Writing has come easy to Sir V.S. Naipul, knighted by Queen Elizabeth in 1990. With is pen he has traversed many cultures and civilizations, even the unraveling of the British Empire and the migrations of people. He has written from his heart, but used his mind to great effect. He was awarded the Booker Prize in 1971, T.S. Eliot Prize for Creative Writing in 1986, Nobel Prize in 2001, making it a resplendent array of feathers in one cap.
Born in 1932 in Chaguanas near Port of Spain in Trinidad, Sir V.S. Naipul these days cultivates the quiet air of a reclusive squire living down a quiet Wiltshire lane. His grandparents had left for T and T from India to work in the sugar plantations. His father a newspaper reporter and aspiring fiction writer was the model for what is arguably Sir Vidiadhar’s most outstanding novel, A House for Mr. Biswas (1961).
At the age of 18, Sir Vidiadhar left Trinidad on a scholarship to University College, Oxford, and has lived in England since. In 1953, he was awarded a Bachelor of Arts. From then on he spent a great deal of time traveling in Asia, Africa, America. Apart from a few years in the middle of the 1950s when he was employed by the British Broadcasting Corporation as a free-lance journalist, he has devoted himself entirely to his writing. The events of his earliest books take place in the West Indies.

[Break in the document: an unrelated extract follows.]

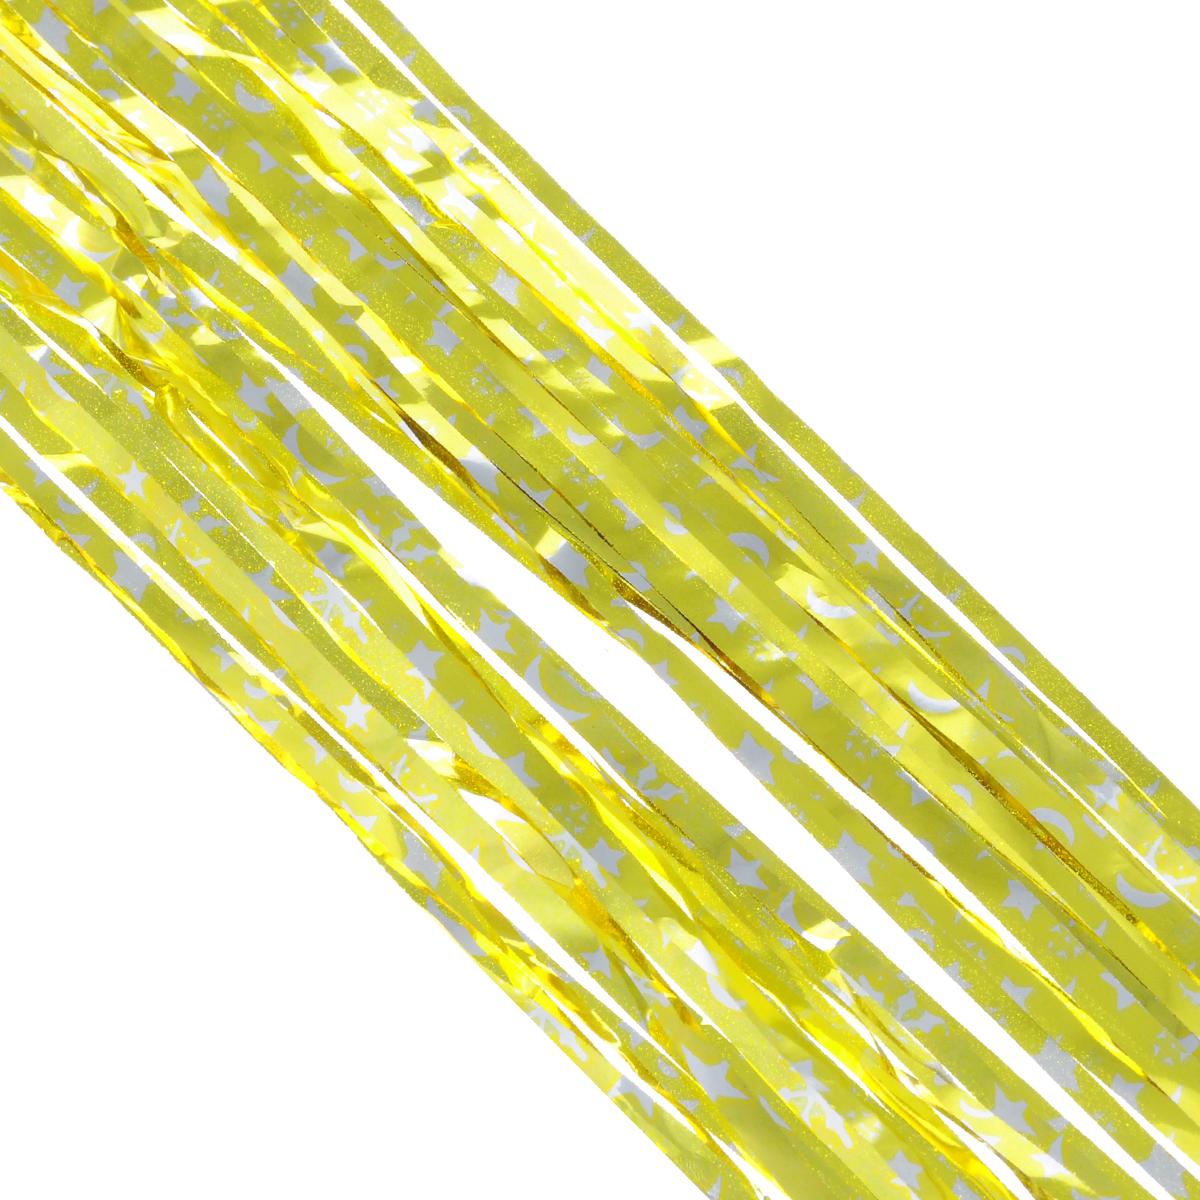 Дождик новогодний Sima-land, цвет: золотистый, 17 х 180 см. 702547702547_желтыйНовогодний дождик Sima-land, изготовленный из фольги, поможет вам украсить свой дом к предстоящим праздникам. Новогодняя елка с таким украшением станет еще наряднее. Новогодним дождиком можно украсить все, что угодно - елку, квартиру, дачу, офис - как внутри, так и снаружи. Можно сложить новогодние поздравления, буквы и цифры, дождиком можно украсить и дополнить гирлянды, можно выделить дверные колонны, оплести дверные проемы. Коллекция декоративных украшений из серии Зимнее волшебство принесет в ваш дом ни с чем несравнимое ощущение праздника! Создайте в своем доме атмосферу тепла, веселья и радости, украшая его всей семьей. Ширина: 17 см.

| He was awarded the Booker Prize in 1971, T.S. Eliot Prize for Creative Writing in 1986, Nobel Prize in 2001, making it a resplendent array of feathers in one cap |
After the enormous success of A House for Mr. Biswas, Sir Vidiadhar extended the geographical and social perspective of his writing to describe the impact of colonialism and emerging nationalism on the third world in, for instance, Guerrillas (1975) and A Bend in the River (1979), the latter a portrayal of Africa that has been compared to Conrad’s Heart of Darkness. The Mystic Masseur had come earlier in 1957.
Sir Vidiadhar has written that, “Everything of value to me is in my books. I will go further now. I will say I am the sum of my books. Each book, intuitively sensed and, in the case of fiction, intuitively worked out, stands on what has gone before, and grows out of it. I feel that at any stage of my literary career it could have been said that the last book contained all the others.”
He describes the place of his birth as follows: “I was born in a small country town called Chaguanas. It was a strange name, in spelling and pronunciation, and many of the Indian people—they were in majority in the area—preferred to call it Chauhan.”
Interesting details from a knight with a shining pen.